Jenis-Jenis Pupuk Alami

Pada dasarnya, apabila dibagi berdasarkan bentuk rupa pupuk, pupuk alami atau pupuk organik ini terbagi menjadi dua jenis yakni, pupuk organik padat atau pop dan juga pupuk organik cair atau POC.

Memiliki nama atau sebutan pupuk organik  tentunya bukan tanpa sebab, hal tersebut dikarenakan semua jenis pupuk alami atau pupuk organik terbuat dari bahan-bahan yang sangat alami atau berasal dari alam.

Sehingga jelas sudah mengapa pupuk organik ini lebih aman bagi lingkungan.berikut daftar dari jenis-jenis pupuk alami yang perlu Anda ketahui.

1. Pupuk Kandang

Pupuk Kandang Kotoran Sapi via Alamtani
Pupuk Kandang Kotoran Sapi via Alamtani

Jenis pupuk pertama yang masuk kedalam jenis pupuk organik ialah pupuk kandang.Pupuk kandang tentunya sudah tak asing lagi bukan di telinga Anda.
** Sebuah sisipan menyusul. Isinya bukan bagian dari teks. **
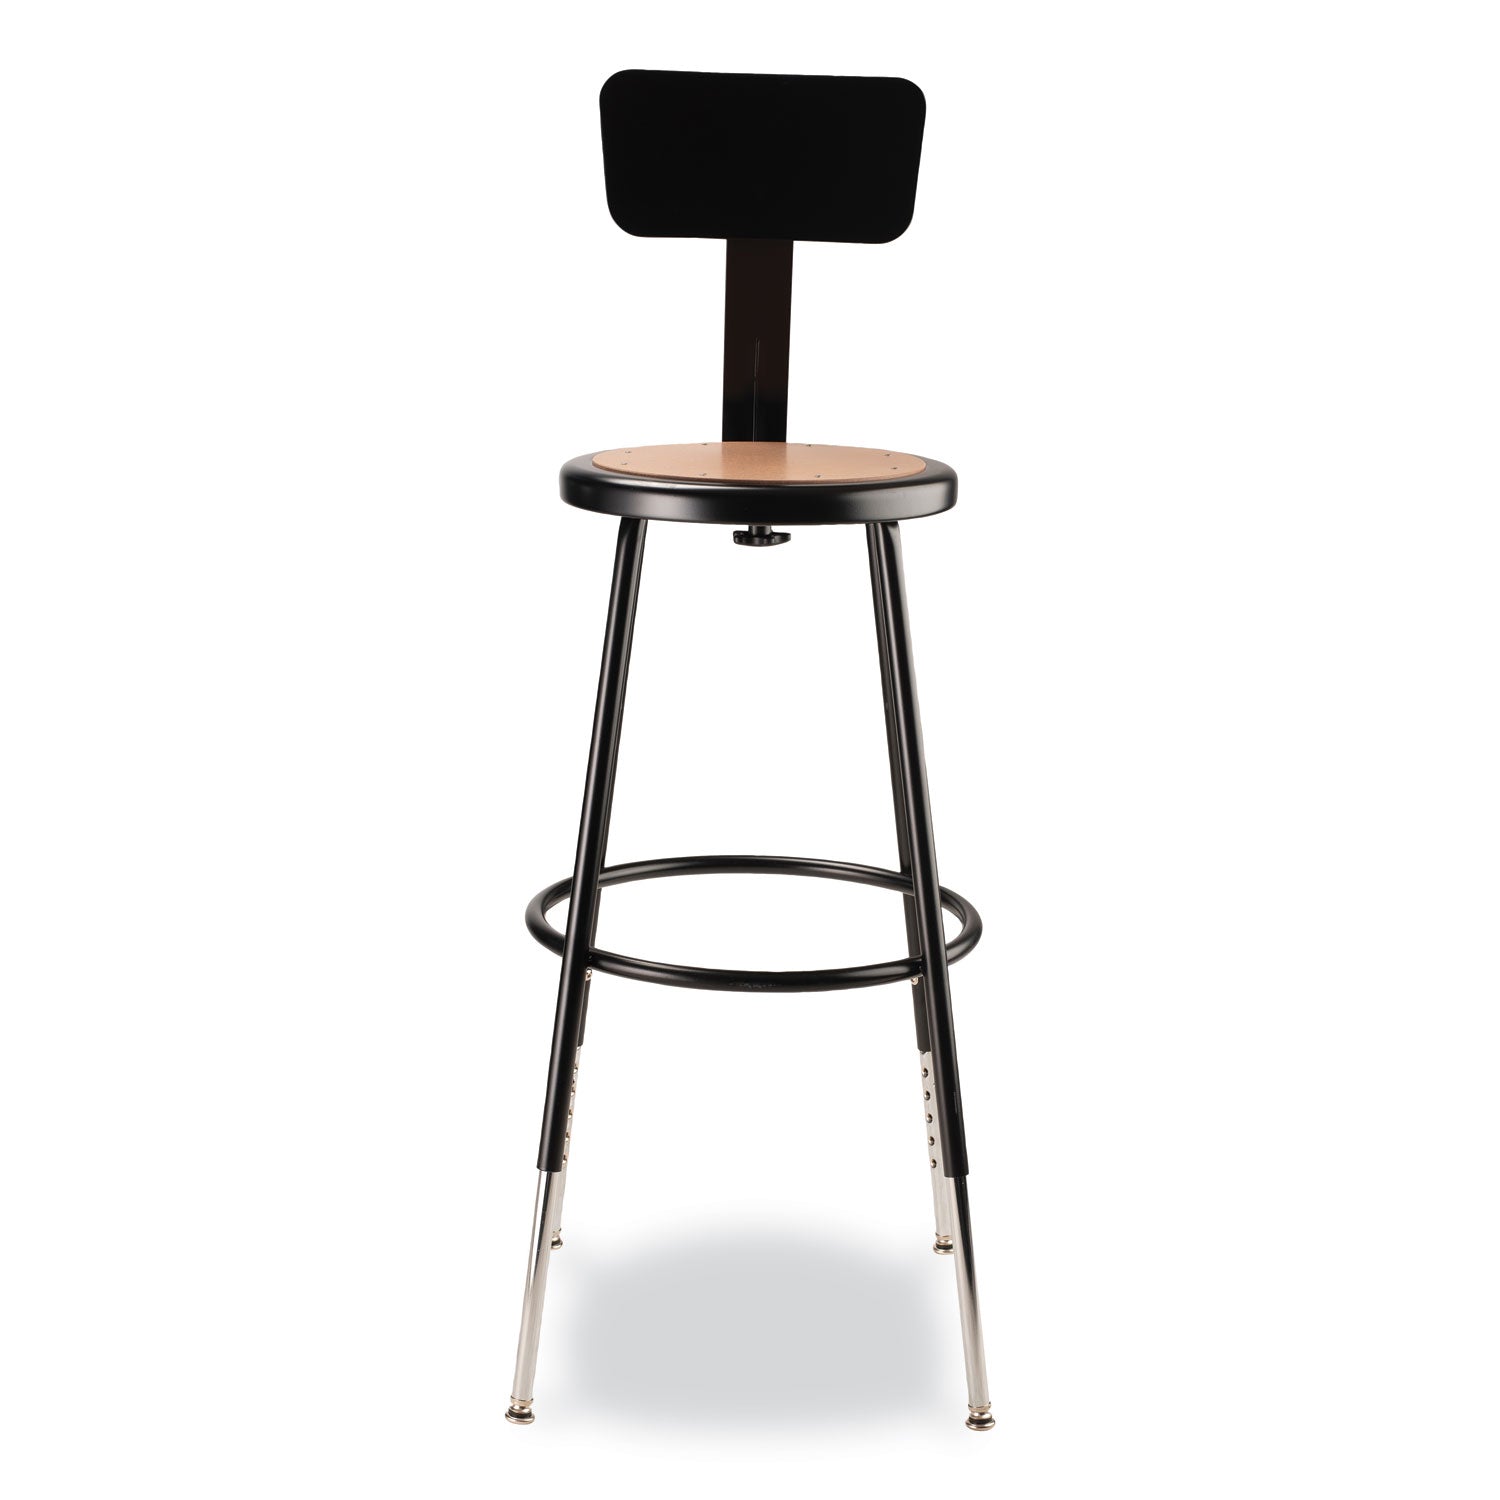 6200-series-25-33-height-adj-heavy-duty-stool-with-backrest-supports-500-lb-brown-seat-black-base-ships-in-1-3-bus-days_nps6224hb10 - 2

Pupuk kandang merupakan jenis pupuk yang dapat Anda produksi atau buat sendiri di rumah. Anda dapat menggunakan kotoran hewan ternak seperti sapi, kambing maupun ayam sebagai bahan utamanya.

Baca juga: Cara Membuat Pupuk Kandang Padat dan Cair

Meskipun hanya terbuat dari bahan-bahan alami, namun pupuk kandang ini juga memiliki kandungan yang cukup lengkap.Anda dapat menemukan unsur-unsur makro seperti Nitrogen, Phosfor, dan Kalium yang amat diperlukan oleh tanaman.

Kandungan N, P dan K yang cukup tinggi mampu membantu menyuburkan tanah agar lebih subur dan sehat bagi tanaman. Selain kandungan zat makro tersebut, Anda juga akan menemukan kandungan unsur hara mikro seperti Kalsium, Belerang, Magnesium dan jenis unsur hara lainnya. Pupuk kandang terbagi menjadi dua jenis, yakni pupuk panas dan pupuk dingin.

Pupuk panas ialah jenis pupuk organik yang proses penguraiannya dibantu oleh mikroorganisme dalam kurun waktu yang terbilang sangat cepat, sehingga menimbulkan panas.  Contoh dari pupuk kandang panas ini biasanya yang terbuat dari kotoran hewan seperti Kambing, Ayam dan juga Kuda.

Berbeda dengan pupuk panas, pupuk dingin tentunya kebalikan dari pupuk panas. Pupuk dingin tidak menimbulkan hawa panas pada pupuknya, karena proses penguraian yang berlangsung secara bertahap. Contoh dari pupuk kandang dingin ini biasanya yang terbuat dari kotoran hewan seperti Kerbau, Sapi dan kambing.

Baca juga: Cara Membuat Pupuk Kandang Kambing

2. Pupuk Kompos

Cara Membuat Pupuk Kompos
Cara Membuat Pupuk Kompos

Pupuk kompos merupakan jenis pupuk alami yang ketika proses pembuatannya dibantu oleh dua jenis pengurai, yakni mikroorganisme dan makroorganisme. Jenis dekomposer yang terdapat dalam makroorganisme adalah hewan seperti cacing tanah, sedangkan pada mikroorganisme biasanya menggunakan bakteri maupun jamur dan juga kapang.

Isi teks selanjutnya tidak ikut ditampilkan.